Auch in Bern, Schaffhausen und Zürich gab es in der Silvesternacht Übergriffe. Die Stadtpolizei Zürich registrierte nach Angaben von Sprecher Marco Cortesi (60) «rund ein halbes Dutzend ähnlicher Fälle wie in Deutschland». Auch bei der Kantonspolizei gingen drei Anzeigen ein, die das Stadtgebiet betreffen.
«Wir waren naiv», sagt Garibovic. Im Auftrag von Jugendanwaltschaften sowie Kindes- und Erwachsenenschutzbehörden (Kesb) arbeitet die studierte Sexualtherapeutin und Forensikerin mit straffälligen Jugendlichen. Derzeit therapiert sie drei junge Asylbewerber, die unabhängig voneinander Mädchen massiv sexuell belästigten, mal auf dem Schulhof, mal im Ausgang.
«Wir haben in den letzten Jahren Tausende junger Männer aus dem arabischen Raum als Asylbewerber bei uns aufgenommen», sagt Garibovic. «Sie kommen aus einem völlig anderen Kulturkreis – und wir dachten, wir könnten sie einfach so integrieren.»
Bei ihrer Arbeit stellt sie immer wieder fest: «Sie kennen unsere Rituale nicht, sie wissen nicht, wie es ist, sich zu verlieben, zu flirten oder zu leiden, wenn die Liebe nicht erwidert wird.» Statt dessen seien sie überzeugt, dass die Mädchen ihnen «zustehen»: «Sie nehmen sich, was sie wollen, notfalls mit Gewalt.»
Einer, der das getan hat, ist ein 14-Jähriger aus dem arabischen Raum. Über längere Zeit stellte er in einer Zürcher Gemeinde einem Mädchen nach, belästigte es. «Die Schule spielte die Vorfälle herunter», sagt Garibovic. «Mit Schulsozialarbeit und Psychologen löst man dieses Phänomen nicht.» Erst als der junge Mann das Mädchen fast vergewaltigte und die Eltern zur Polizei gingen, reagierten die Verantwortlichen.
Ähnliche Vorfälle beobachtet sie überall in der Schweiz, in den grossen Städten, aber auch in Solothurn oder dem Aargau. «Es passiert im Ausgang und auf Schulhöfen», sagt Garibovic. «Aber die Öffentlichkeit erfährt nie davon, weil vieles vertuscht wird.»
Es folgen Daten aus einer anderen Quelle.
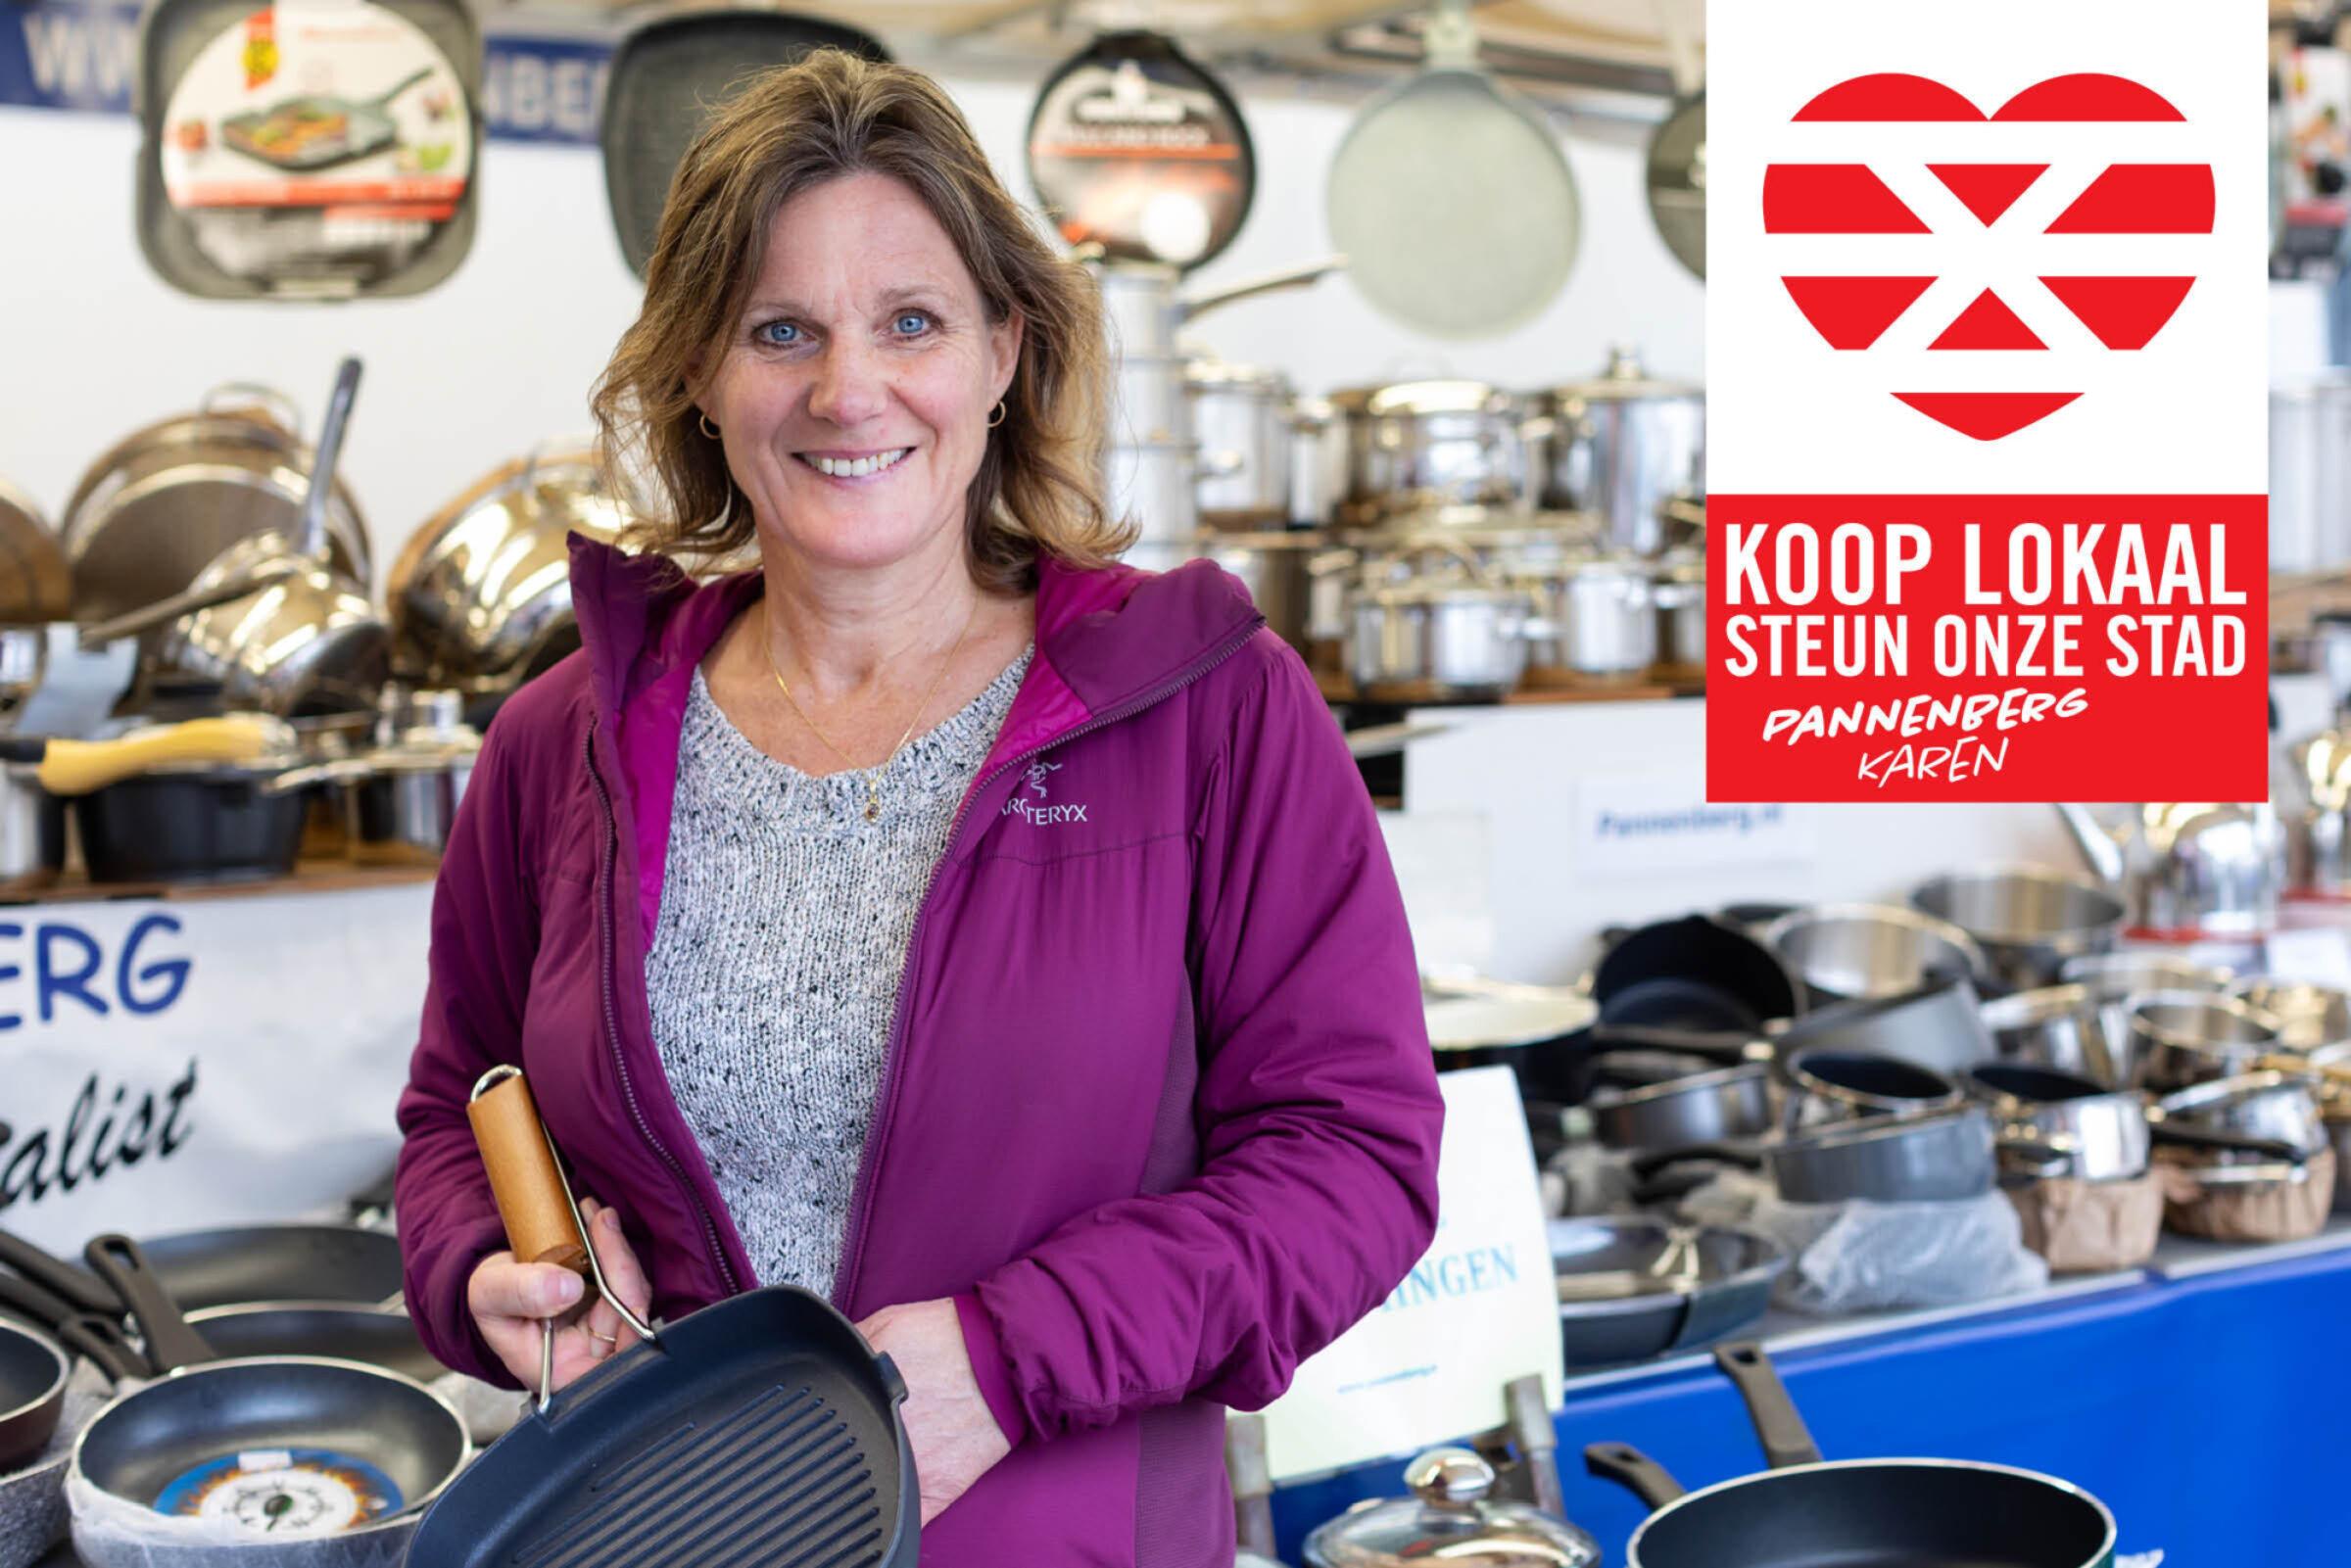 Steun onze stad Koop lokaal Enschede Pannenberg Karen

Das dürfe nicht länger geschehen. «Wir müssen der Wahrheit ins Gesicht sehen und schauen, dass wir diese Männer integrieren können.» Dies gelinge aber nur, wenn man das Problem offen anspreche.
Der Strafrechtler Martin Killias (67) sieht es ähnlich: «Für einzelne Männer aus diesem kulturellen Umfeld verdienen viele unserer Frauen keinen Respekt», sagt er. Es sei denkbar, dass daraus ein sexueller Kulturkonflikt entstehe. «Im Kleinen gibt es den in vielen Ländern Europas seit langem.» Um die Integration zu fördern, solle man auf «kluge Stimmen von Feministinnen» hören, so Killias, «nicht auf die Verteidiger archaischer Traditionen».
In Fällen häuslicher Gewalt haben die Behörden das Problem bereits erkannt. Das Eidgenössische Büro für die Gleichstellung von Mann und Frau befasst sich damit in einem Bericht: «In der Schweiz registrieren polizeiliche Interven-tionsstatistiken überproportional häufige Interventionen in Fällen von häuslicher Gewalt bei Ausländerinnen und Ausländern, dies sowohl auf der Opferseite wie auch auf Seite der Tatpersonen», heisst es. Die Migrierenden seien mit neuen Anforderungen und Rollenbildern konfrontiert. «Unter ungünstigen Bedingungen können Stress, Frustration, Verunsicherung, soziale Isolation etc. entstehen, welche Gewalt begünstigen.»
Therapeutin Garibovic: «Es braucht dringend Spezialisten, die sich mit fremden Kulturen gut auskennen und Sexualmediziner, die mit den Männern arbeiten.» Man müsse ihnen den Tarif durchgeben und unmissverständlich die Umgangsformen in Europa beibringen. «Sie müssen lernen, mit ihrer Sexualität umzugehen und sie müssen lernen, wie man hier Frauen begegnet.»
Der 14-Jährige, den Garibovic betreue, sei nun auf einem guten Weg. «Wir müssen von denen, die hierherkommen, mehr fordern. Wir müssen aufwachen – damit es nicht noch schlimmer wird.»